UNA DEFENSA DE LA METAFÍSICA

 

La ciencia moderna nos ha regalado profundas explicaciones relativas al cosmos: ha penetrado la estructura de la materia, ha puesto al descubierto los orígenes del universo, se ha sumergido en los principios fundamentales de los fenómenos vitales, etcétera. Con todo, el asombro que puede significar encontrar la diversidad en el cosmos, queda sobrepasado por el más hondo “asombro filosófico” sobre la existencia misma, según lo expresa el propio Erwin Schrödinger, “como primer y más profundo motivo de perplejidad”. Al respecto nos explica Schrödinger que:

 

el asombro o la maravilla aparecen siempre que el resultado difiere de lo común o de lo esperado por algún motivo.
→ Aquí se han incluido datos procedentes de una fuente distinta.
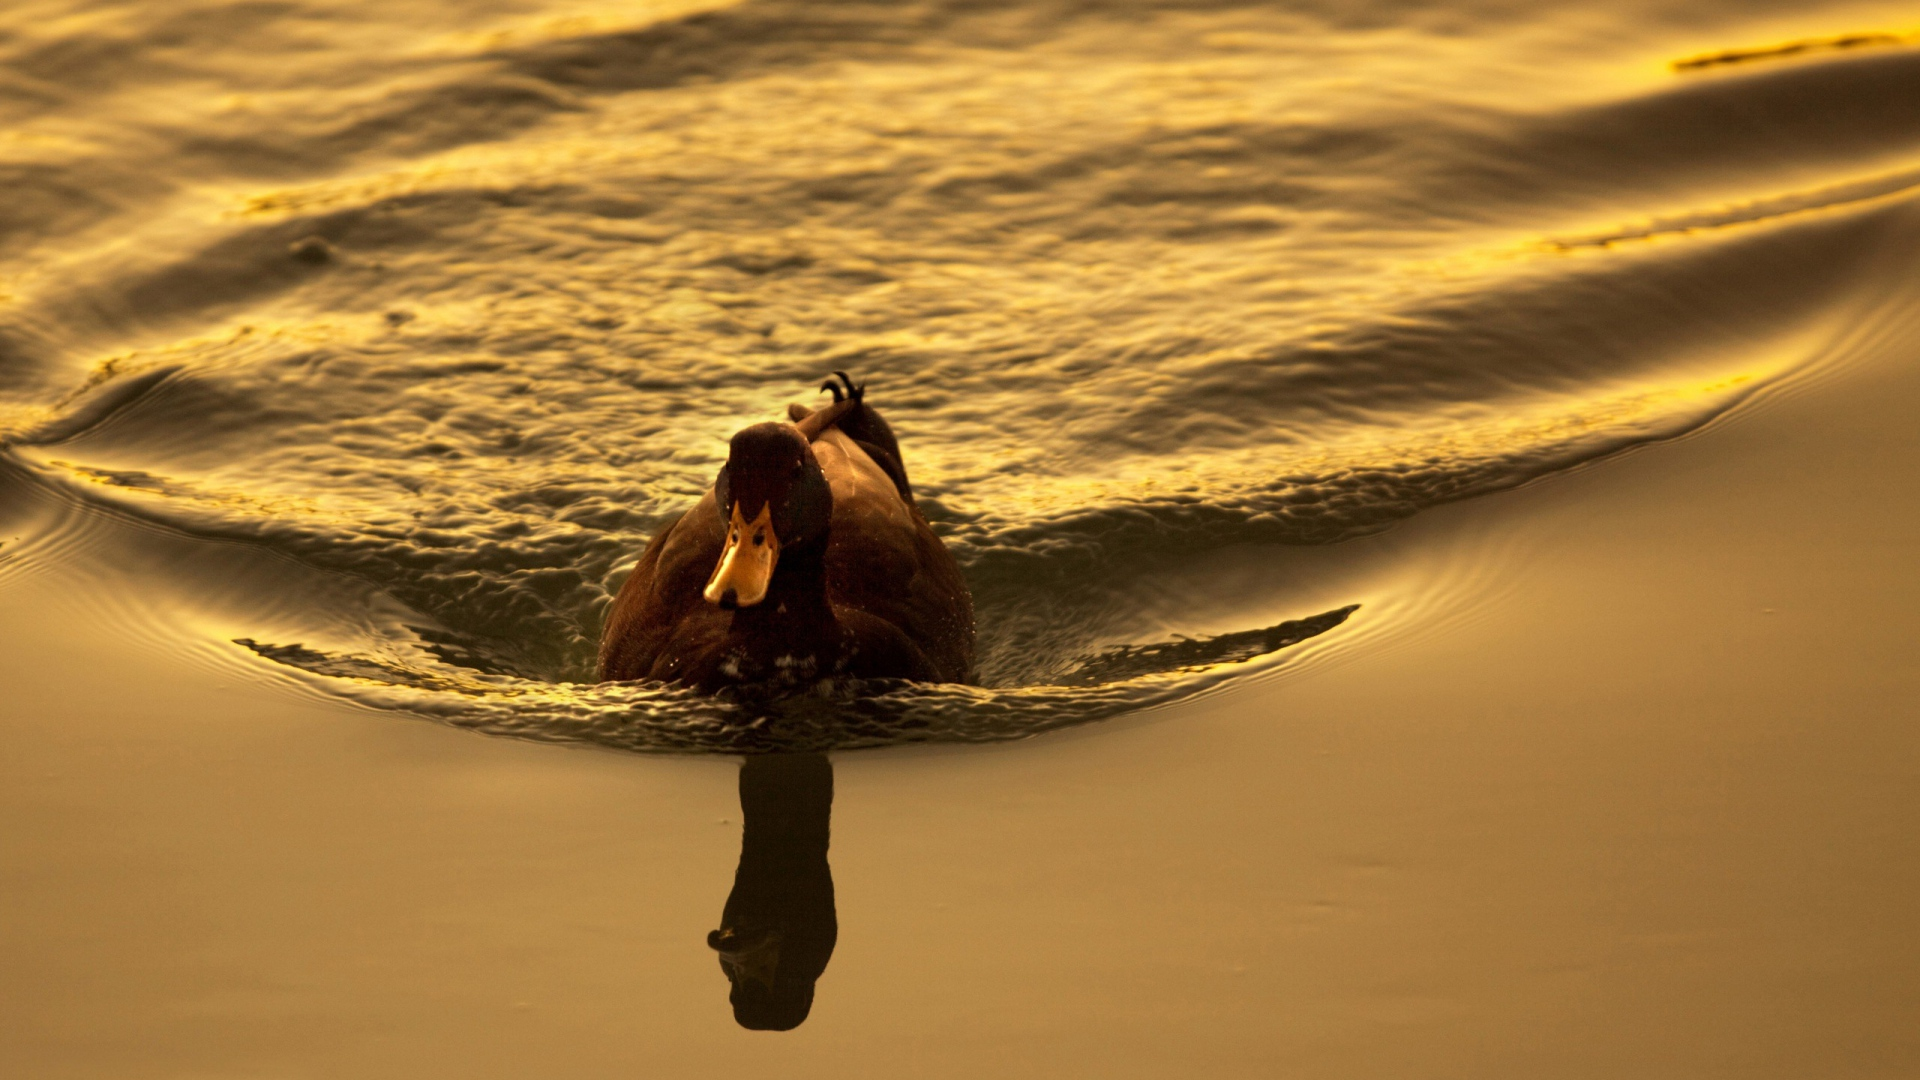 Download Wallpaper 1920x1080 duck, lake, swimming, sunset ...
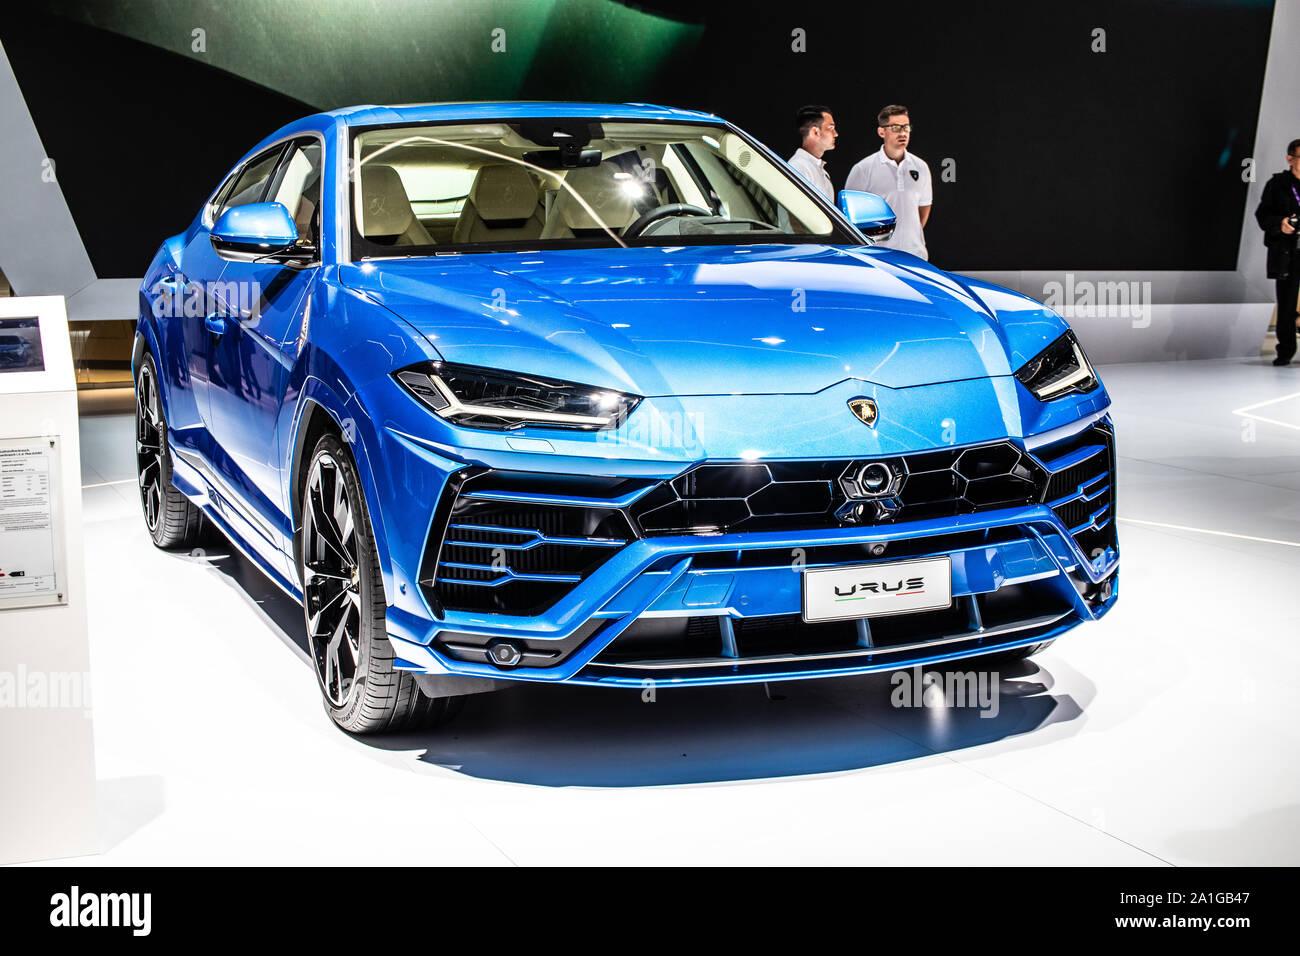 Frankfurt Germany Sep 10 2019 Metallic Blue Lamborghini

Sin embargo, la totalidad del mundo se nos ha dado solo una vez. No disponemos de ningún objeto de comparación y no es previsible cómo acercarse a él con una esperanza cierta. No obstante, a pesar de ello, nos maravillamos, nos hallamos frente a enigmas sin poder decir cuál tendría que ser el resultado para no asombrarnos, cómo tendría que estar creado el mundo para no plantearnos enigmas (Schrödinger, 1988).

 

     De esta manera, en uno de los primeros breves capítulos de su libro titulado Mi concepción del mundo, Schrödinger nos muestra su actitud filosófica, no como un agregado o adorno de una actividad científica, sino como una reflexión esencial por preguntas fundamentales, y nos tratará de convencer de la necesidad de una metafísica, oponiéndose quizás a la opinión de muchos otros científicos de su época y posteriores. Veremos e interpretaremos brevemente, más adelante, su propuesta en el contexto de la actitud más generalizada de los científicos para poder entender la originalidad de su pensamiento.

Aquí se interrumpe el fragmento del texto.